# TASK REQUIREMENTS:
The required answer is the data below, restated word for word with images omitted.
Top of DATASET CONTENT
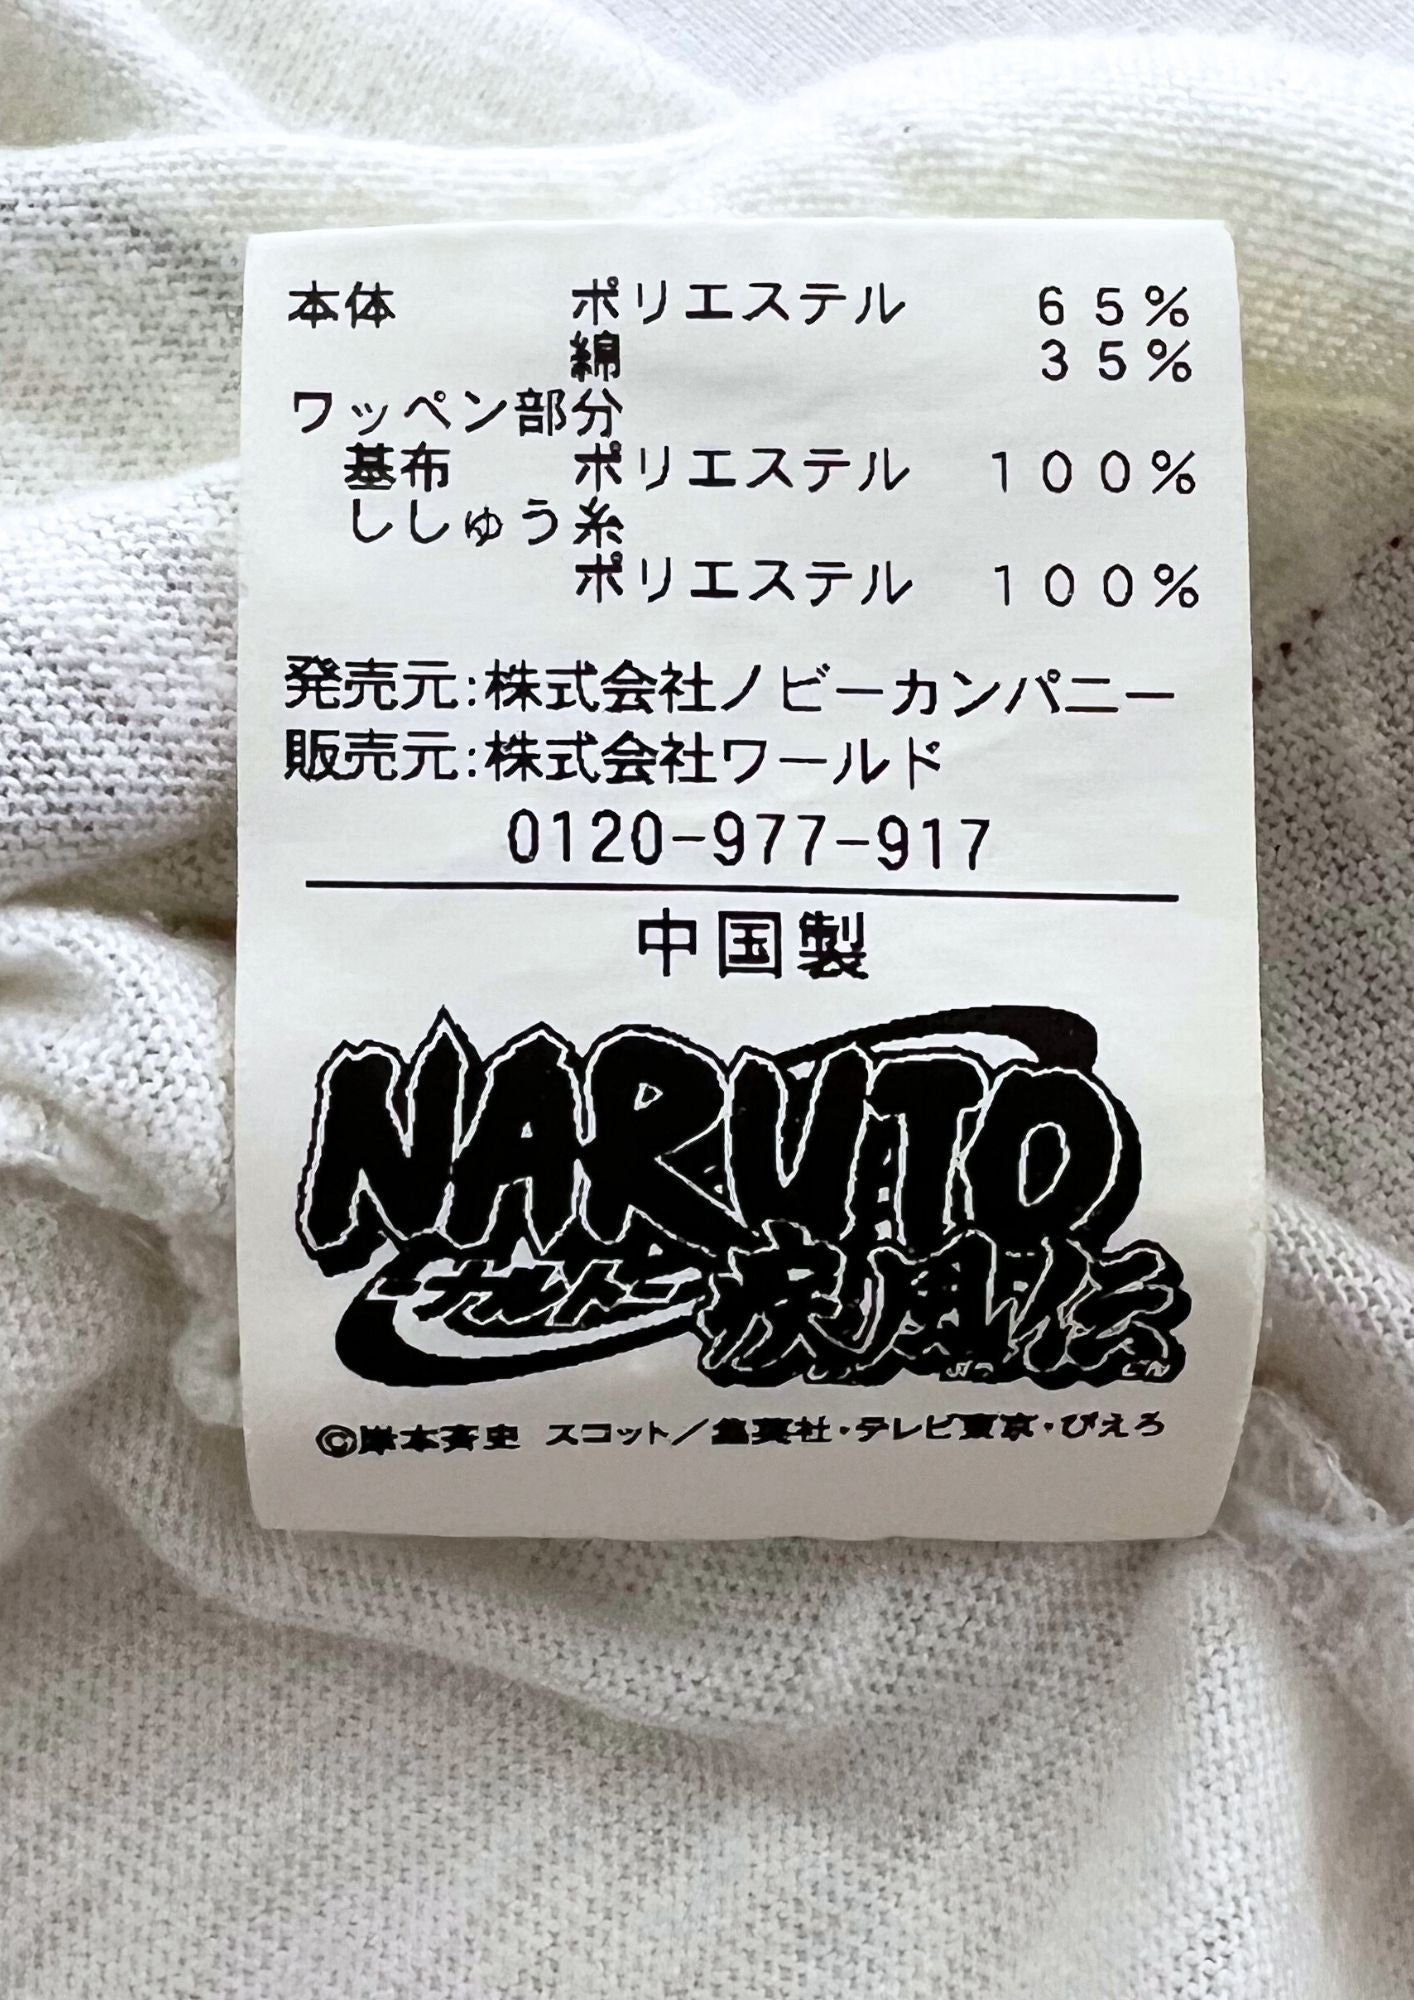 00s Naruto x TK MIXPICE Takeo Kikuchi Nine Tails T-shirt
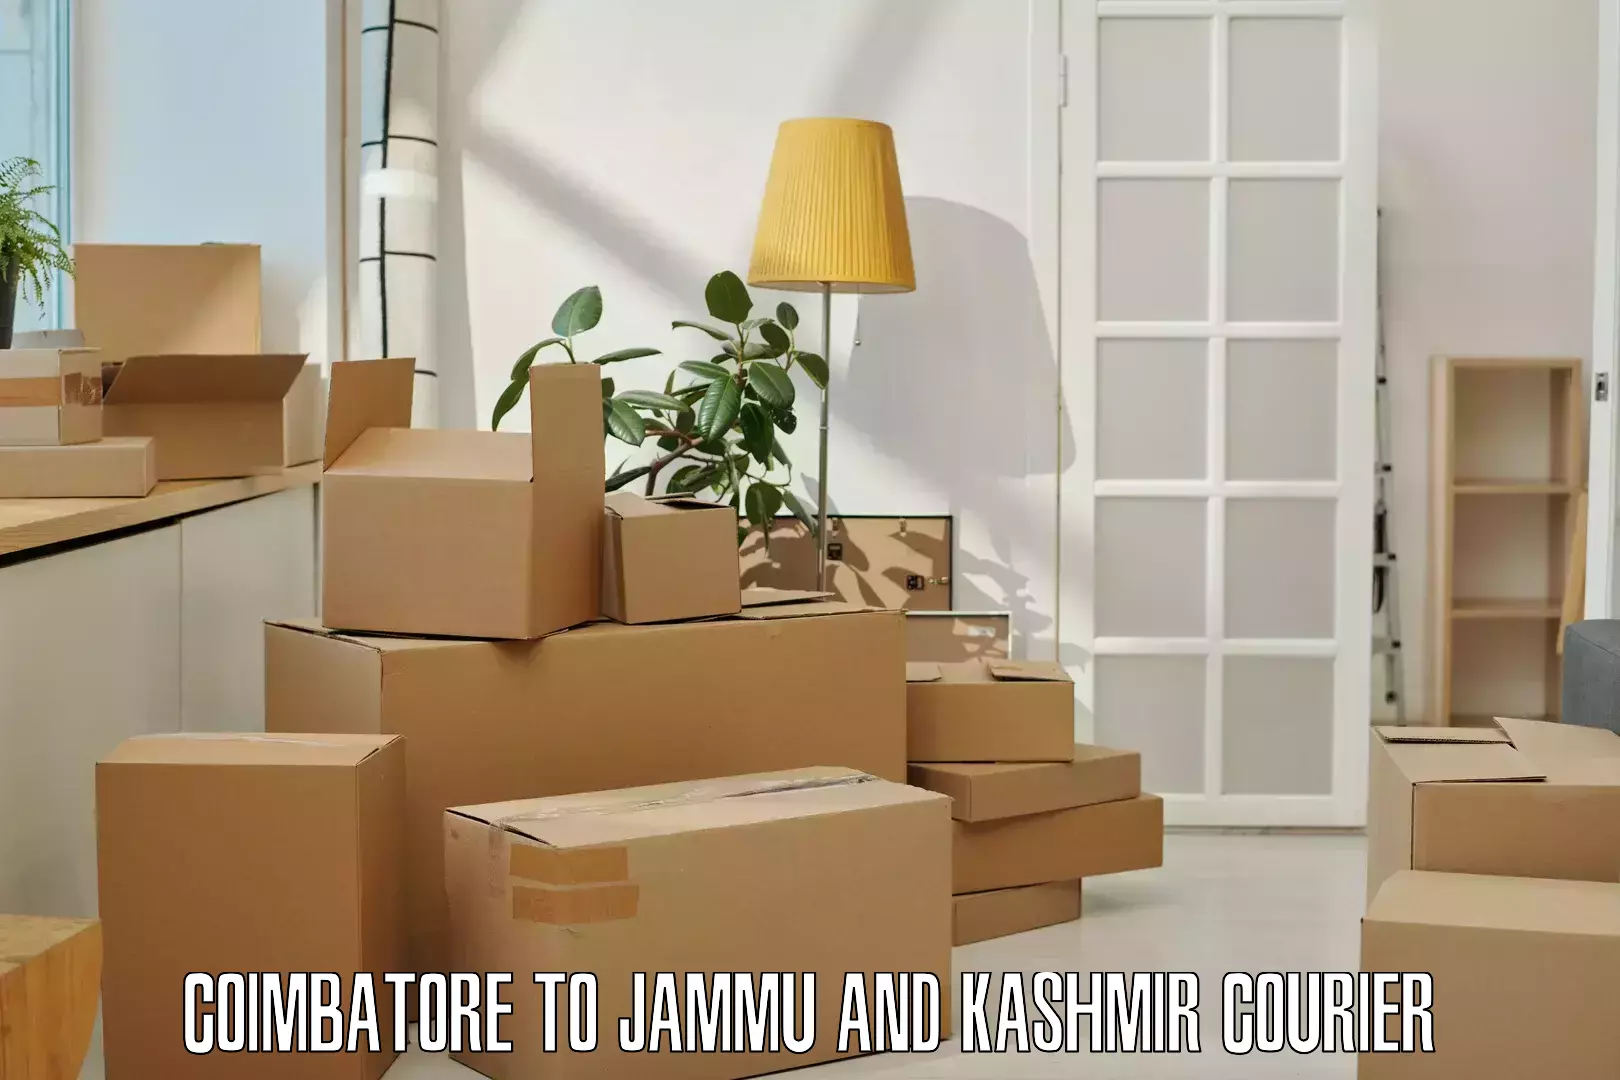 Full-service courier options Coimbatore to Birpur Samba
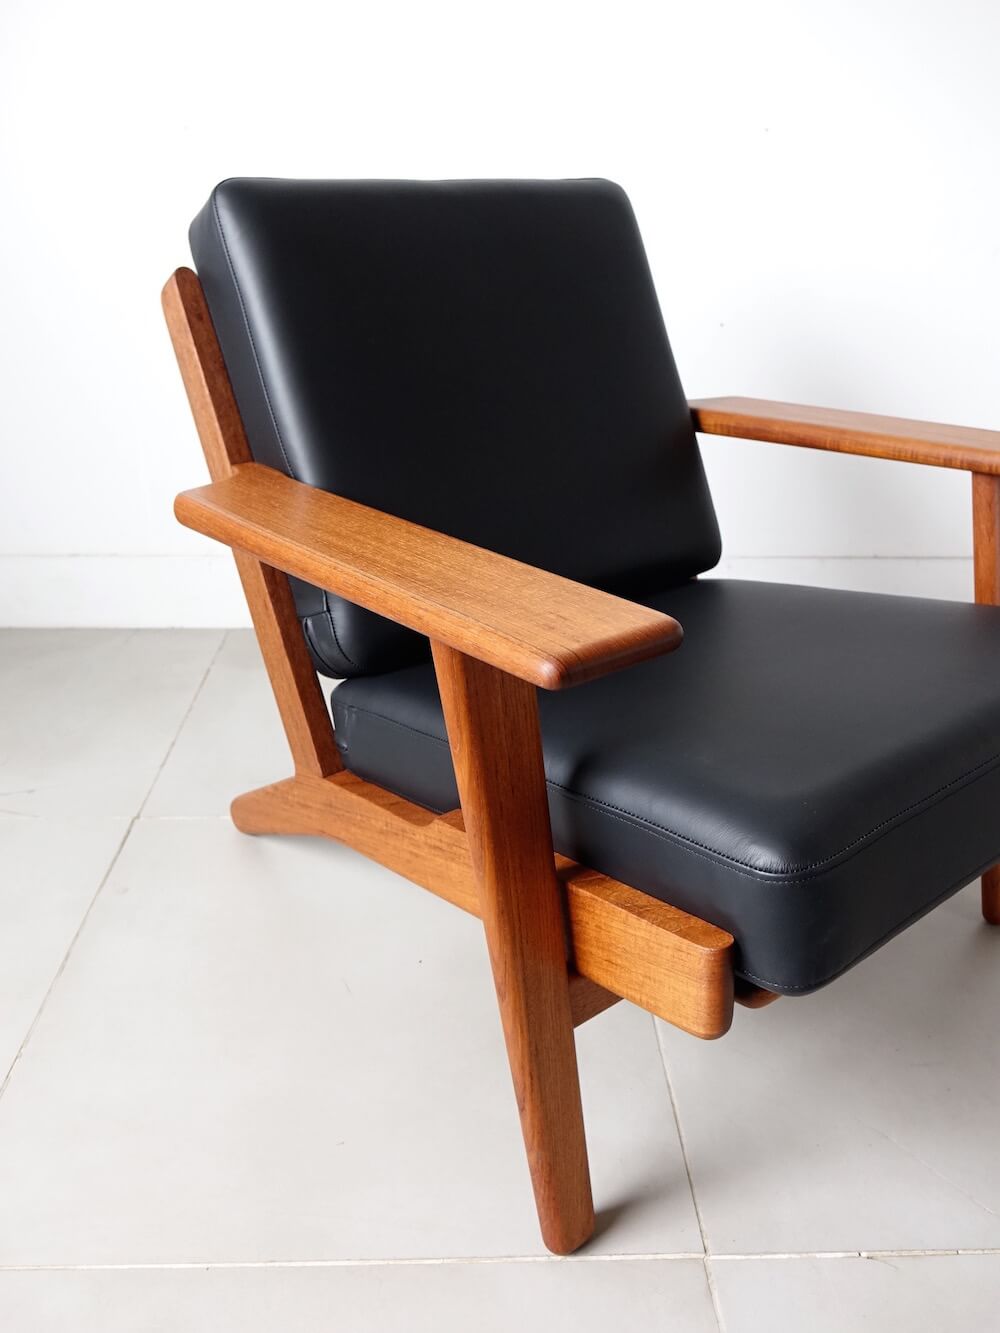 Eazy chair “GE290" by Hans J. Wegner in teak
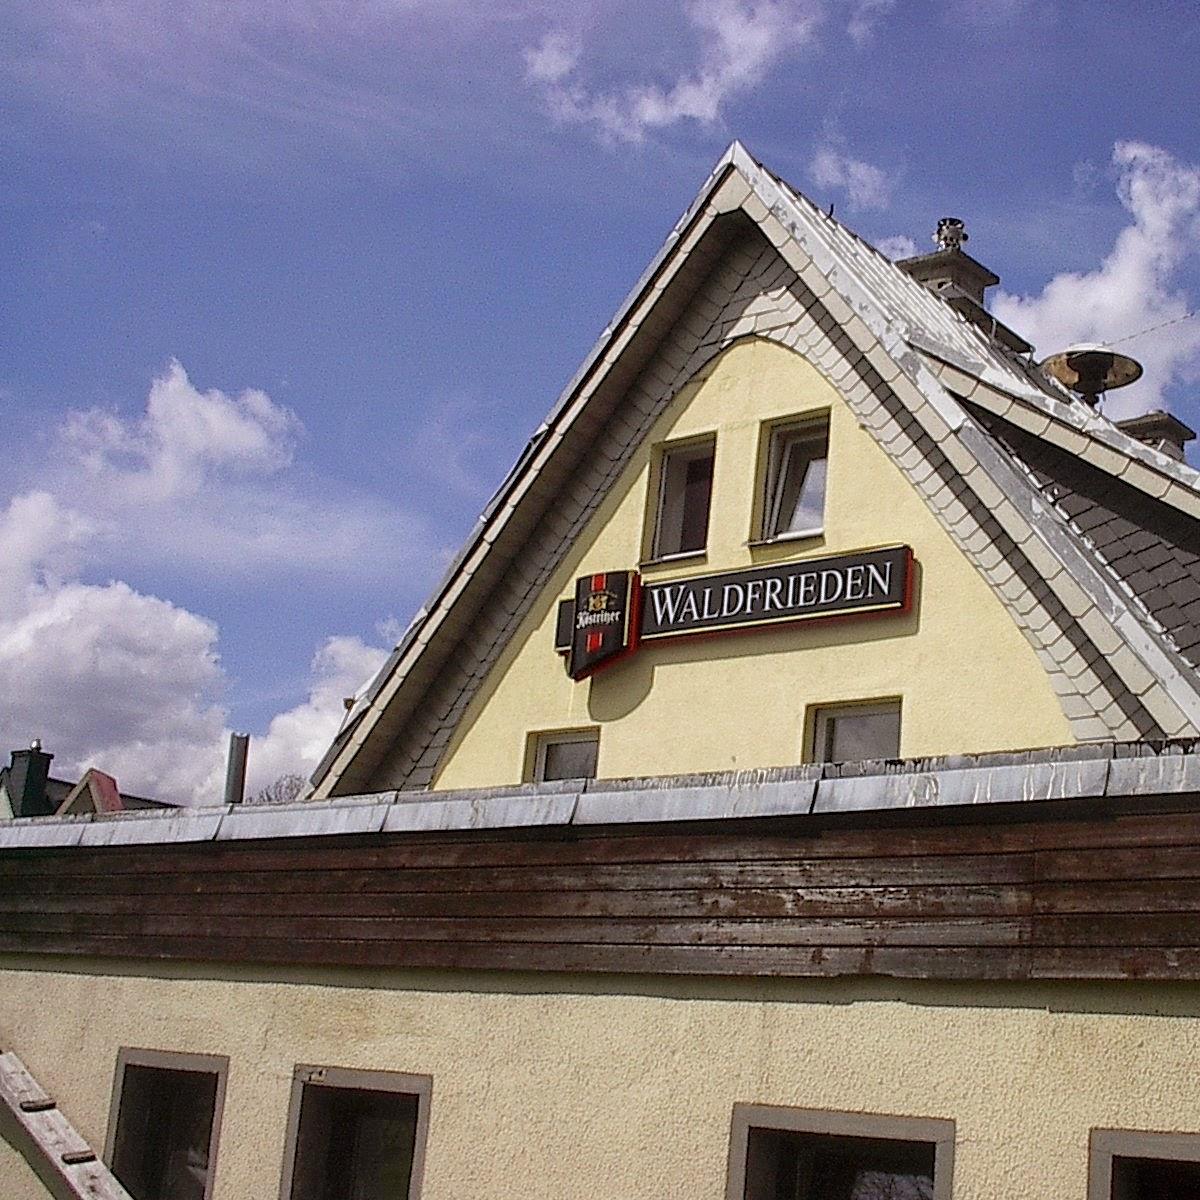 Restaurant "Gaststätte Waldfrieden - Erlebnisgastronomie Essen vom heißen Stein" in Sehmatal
Bottom of DATASET CONTENT
# WRITTEN ANSWER:
 00s Naruto x TK MIXPICE Takeo Kikuchi Nine Tails T-shirt
 Full-service courier options Coimbatore to Birpur Samba
 Eazy chair “GE290" by Hans J. Wegner in teak
 Restaurant "Gaststätte Waldfrieden - Erlebnisgastronomie Essen vom heißen Stein" in Sehmatal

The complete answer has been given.